Salzwedel. Verwunderung im Mehrgenerationenhaus (MGH): An der Sonnenstraße 2 sollen die Thermostate an den Heizkörpern ausgetauscht werden.

In einem Haus, das eventuell abgerissen werden soll? Fest steht, dass die Wohnungsbaugesellschaft das Haus übernommen hat und für Reparaturen verantwortlich ist. Außerdem soll das städtische Unternehmen bis Ende 2016 einen Plan vorlegen, wie es mit der Einrichtung weitergeht. Zur Debatte stehen ein Umbau oder ein Neubau nach Abriss.
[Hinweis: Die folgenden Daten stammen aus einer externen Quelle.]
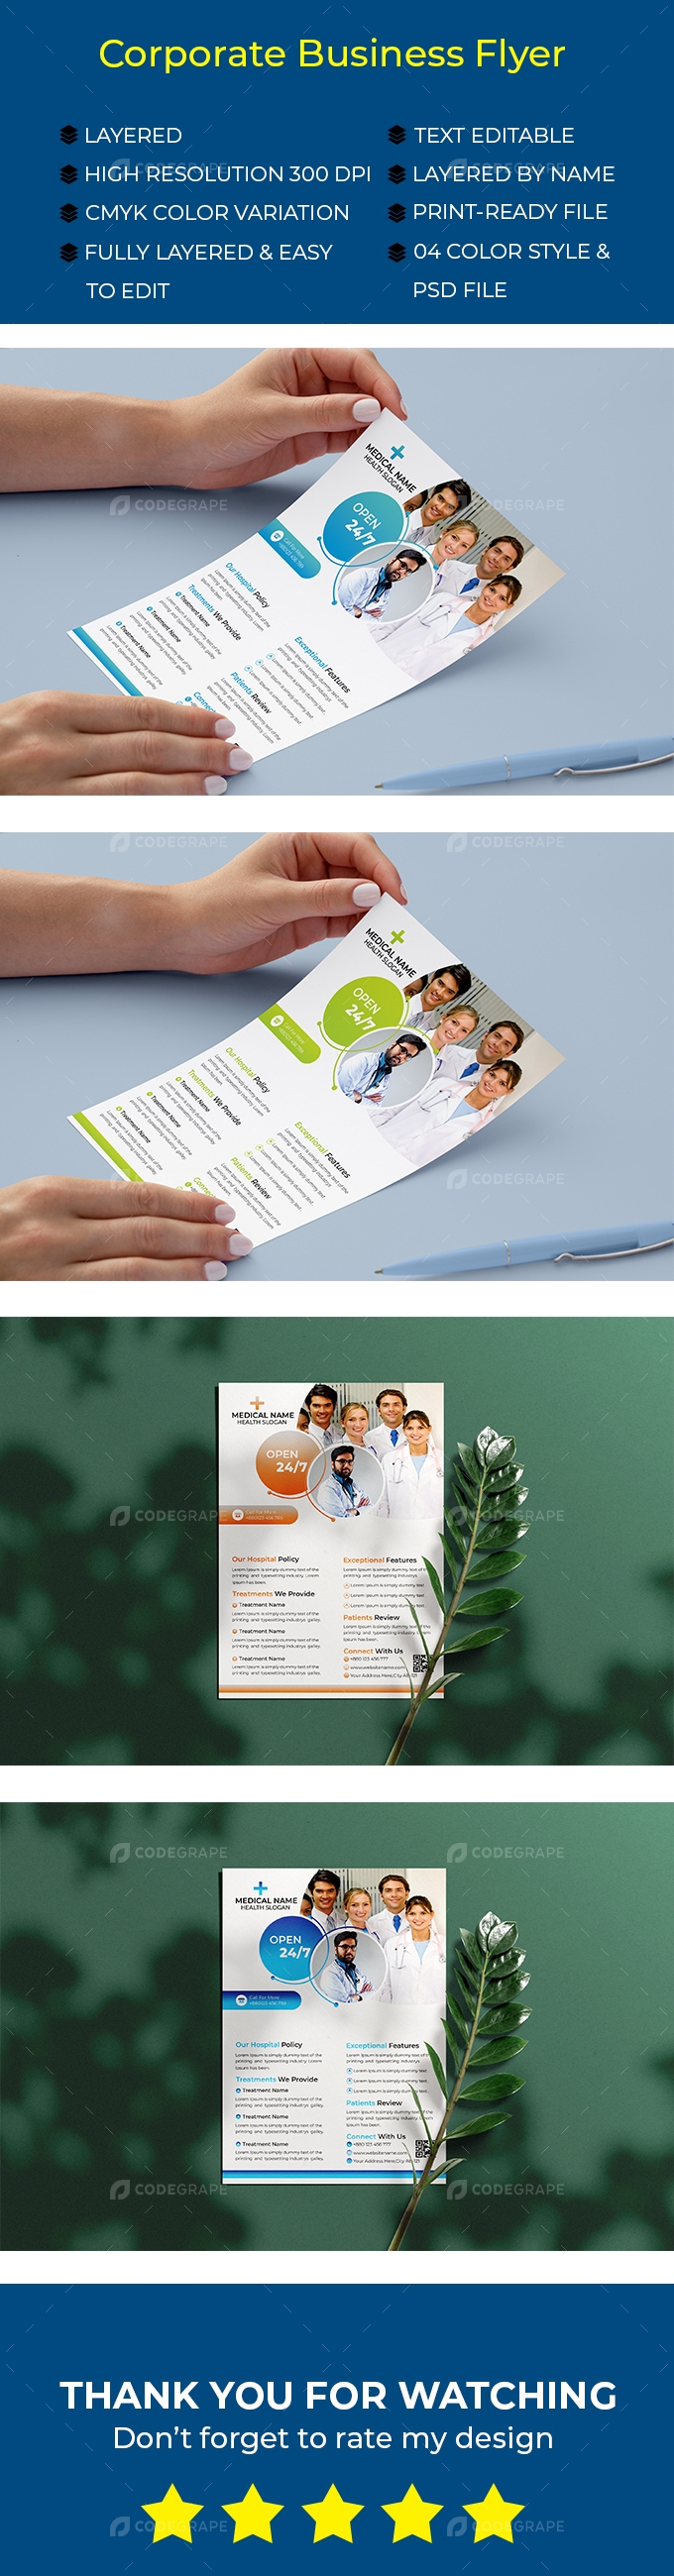 Corporate Medical Flyer Design

Das Problem mit den Thermostaten erläutert Stadtsprecher Andreas Köhler: „Egal, ob auf- oder abgedreht – die Anlage heizt immer.“ Deshalb haben Vertreter der Wohnungsbaugesellschaft mit Heizungsbauern einen Rundgang unternommen und die Thermostate begutachtet. Die Fachleute sollen herausfinden, welche Thermostate ausgetauscht, welche repariert und welche nur gereinigt werden müssen. Und vor allem: Sie sollen einen Kostenvoranschlag vorlegen. Erst dann, so Pressesprecher Köhler, werde entschieden, was getan werden soll.

„Die Stadt will das MGH auf jeden Fall weiter betreiben lassen“, stellte er klar. Und verweist auf die laufenden Untersuchungen der Wohnungsbaugesellschaft an deren Ende dann die Frage steht: Sanieren oder abreißen und neu bauen?

MGH-Besucher und -nutzer wundern sich trotzdem: Ob man die Thermostate nun auf- oder zudrehen kann – durch die maroden Fenster, Baujahr 1983, zieht es trotzdem wie Hechtsuppe. Da geht die Tendenz nicht nur im Winter ganz klar in Richtung Heizung aufdrehen. Wozu dann neue Thermostate?, fragen sie und haben eine eindeutige Antwort schon parat: „Das ist rausgeschmissenes Geld.“

Sie drängen auf schnellstmögliche Sanierung bzw. Neubau, da das Gebäude zunehmend maroder und damit zwangsläufig immer kostenintensiver wird. Die Heizung herunterregeln würde nur in jenen Räumen etwas bringen, die aufgegeben worden sind – wie die Fahrradwerkstatt und die Hebammenpraxis. Nun sucht auch noch die Miniaturwelt neue Räume. Das MGH-Gesamtkonzept bröckelt.